--- Information provided ---

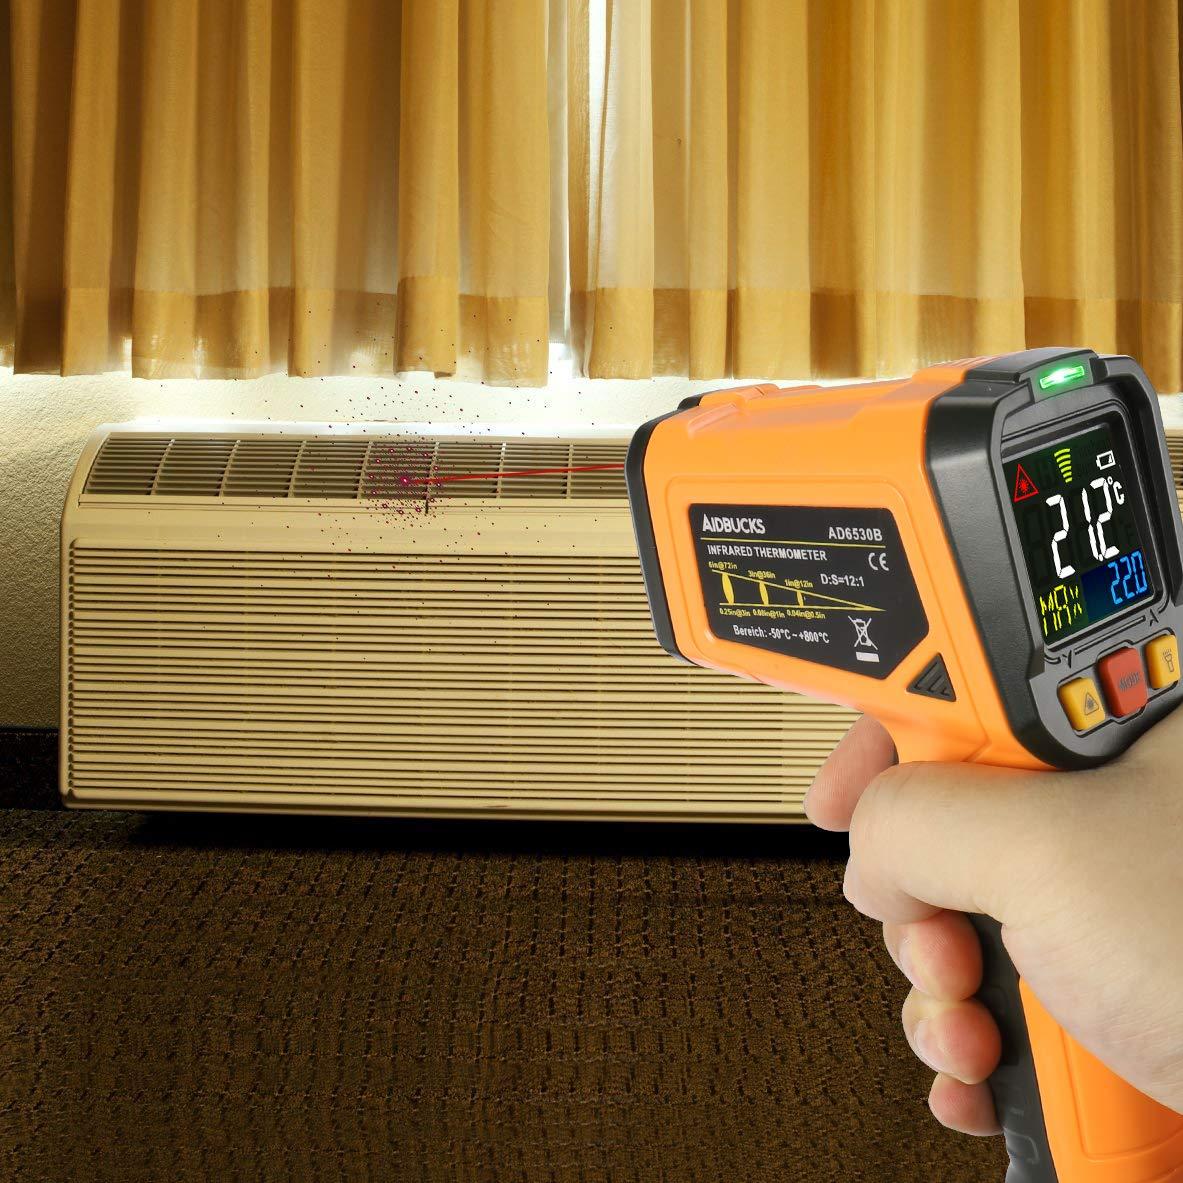 50 /°C /à 800 /°C avec 12 point Fonction de Alarme de temp/érature douverture Thermom/ètre infrarouge Janisa Ad6530b Laser Digital sans contact IR Pistolet de temp/érature /écran couleur
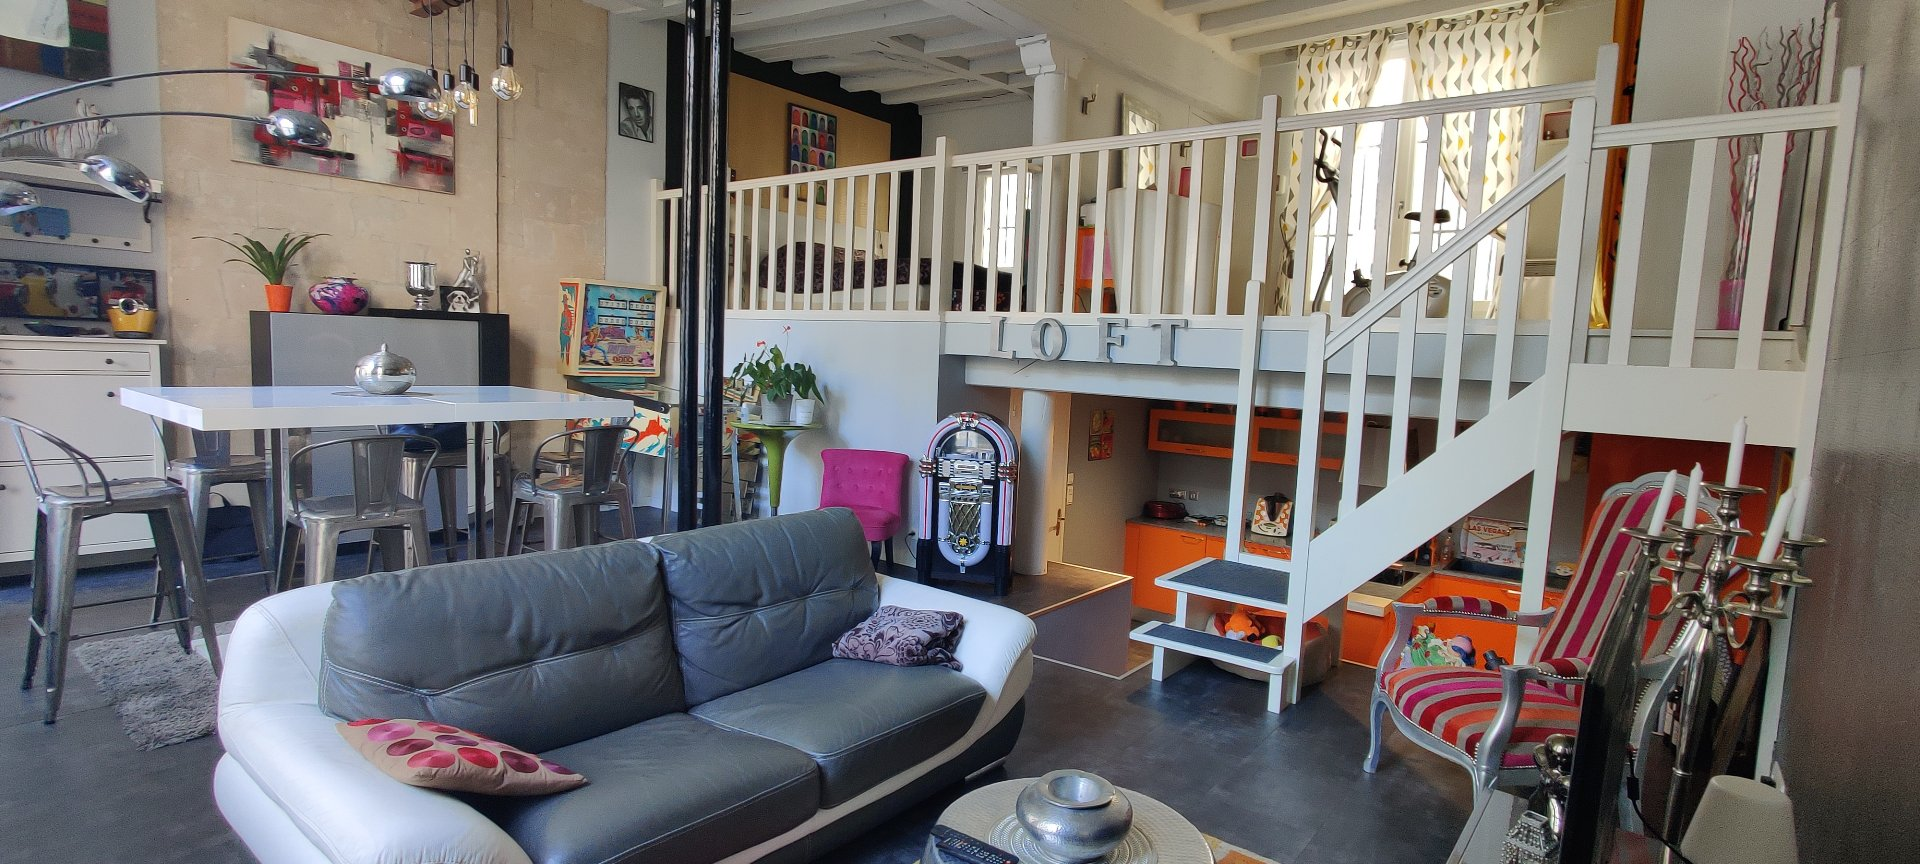 Appartement esprit loft - Secteur Halles
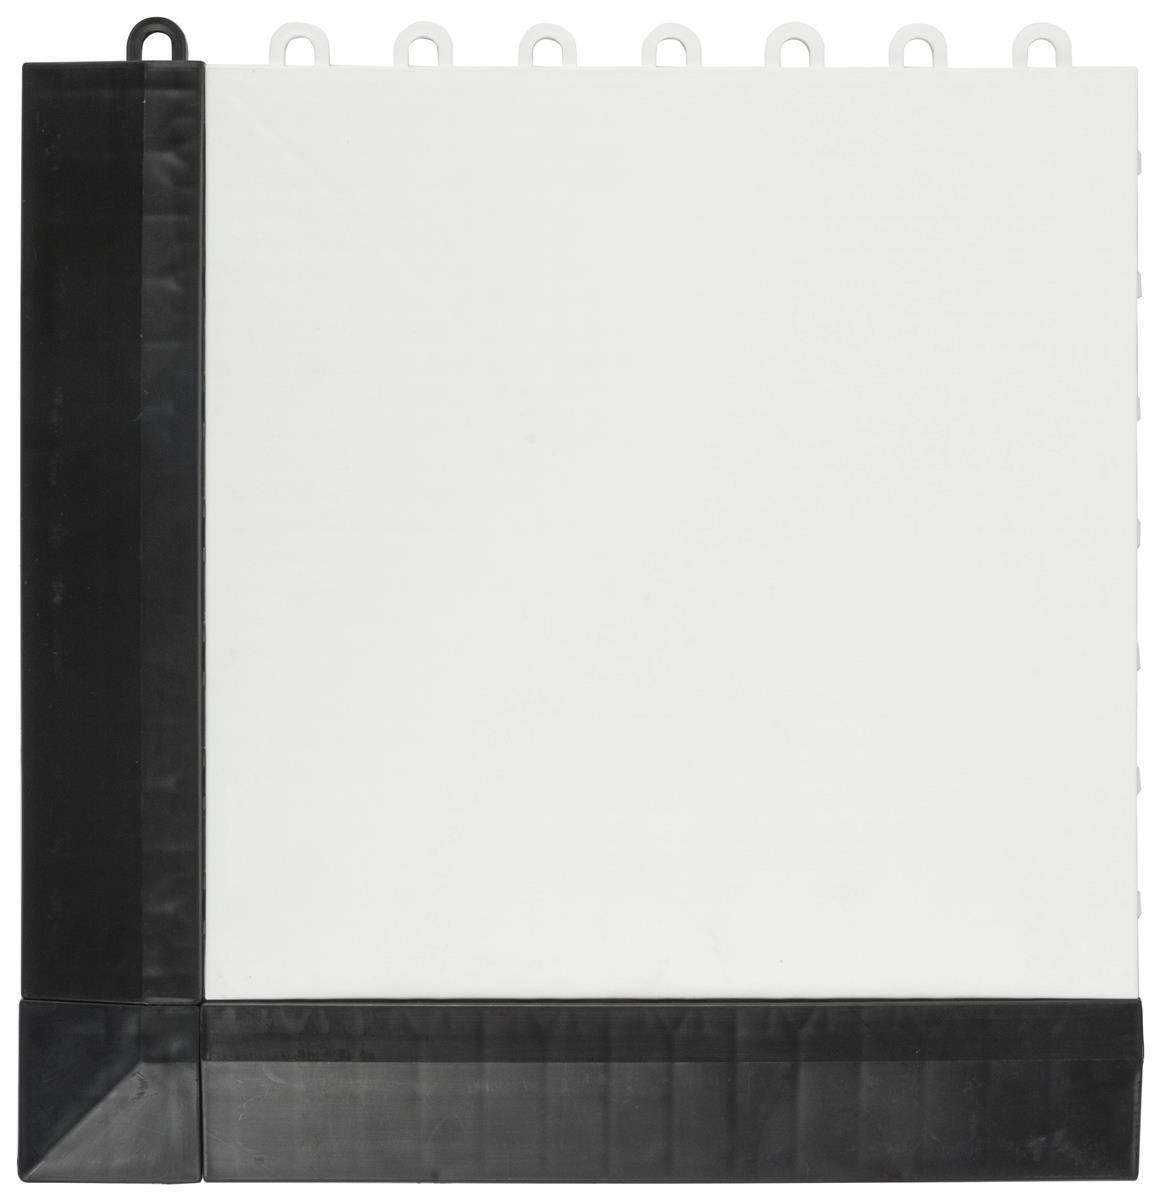 Interlocking Plastic Flooring White Tiles Amp Black Sloped

---

Would you please copy the listing exactly, omitting every picture?

 50 /°C /à 800 /°C avec 12 point Fonction de Alarme de temp/érature douverture Thermom/ètre infrarouge Janisa Ad6530b Laser Digital sans contact IR Pistolet de temp/érature /écran couleur
 Appartement esprit loft - Secteur Halles
 Interlocking Plastic Flooring White Tiles Amp Black Sloped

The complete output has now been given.